We timed crying minutes and realized it went down by every week she got older. So that gave us confidence. We started with 45 minutes of crying, down to less than 1 minutes or even no whining at all.

We had her sleep in het crate at night downstairs starting from the first week, so she got used to being alone in her crate quite fast.

We did find some difference in whining or panicking sounds and realized if she panicked, she needed to go out potty before she could sleep.


----------



## gunnr (Aug 14, 2009)

Uhmmm,,,,, He's only eight weeks old. His entire world got turned upside down 4 days ago, and at this point in his life, he needs a lot of reassurance and comforting. He's not ready yet for very much outside of developing a bond with you. Take these next two -three weeks to bond with him.
He is not old enough yet to recognize "cause and effect". You're a good month away from that. His crying is his only to communicate with you right now, and will be for the next two weeks or so.
With puppies, I sleep next to their crate/kennel.
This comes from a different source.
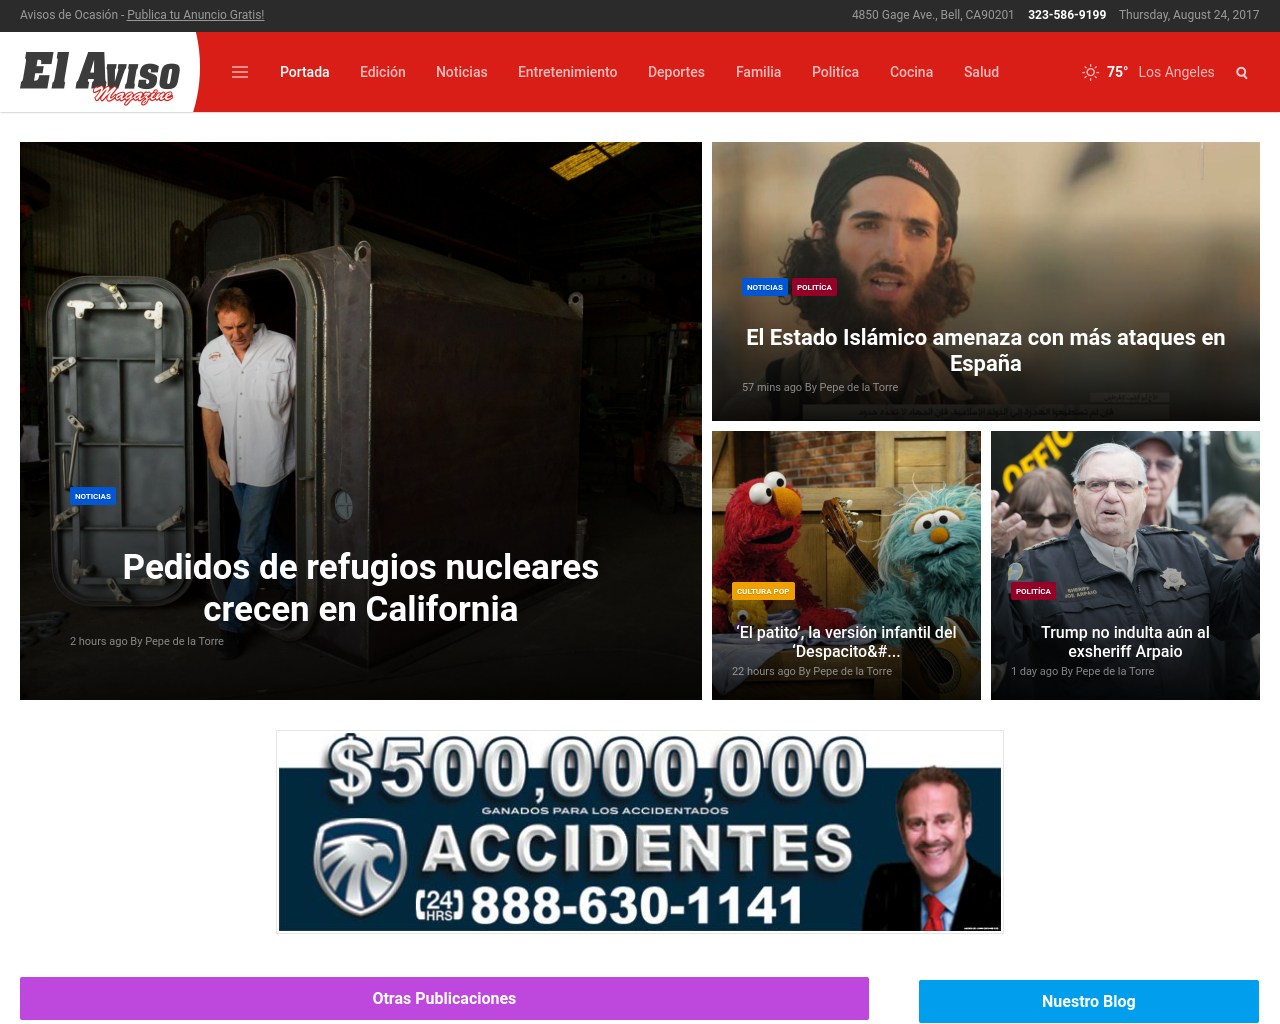 El-Aviso-Magazine-Advertising-Reviews-Pricing

I cover the door and lie next to it. If the cry, or make noises, I will gently tap in the crate and talk to them in a very low voice to reassure them that they are not alone. It also greatly accelerates potty training, as I am right there, ready to get them out the door.
The time will come, in about a month, when he will begin to learn to have to "deal with it", but 8 weeks is a little early in my experience


----------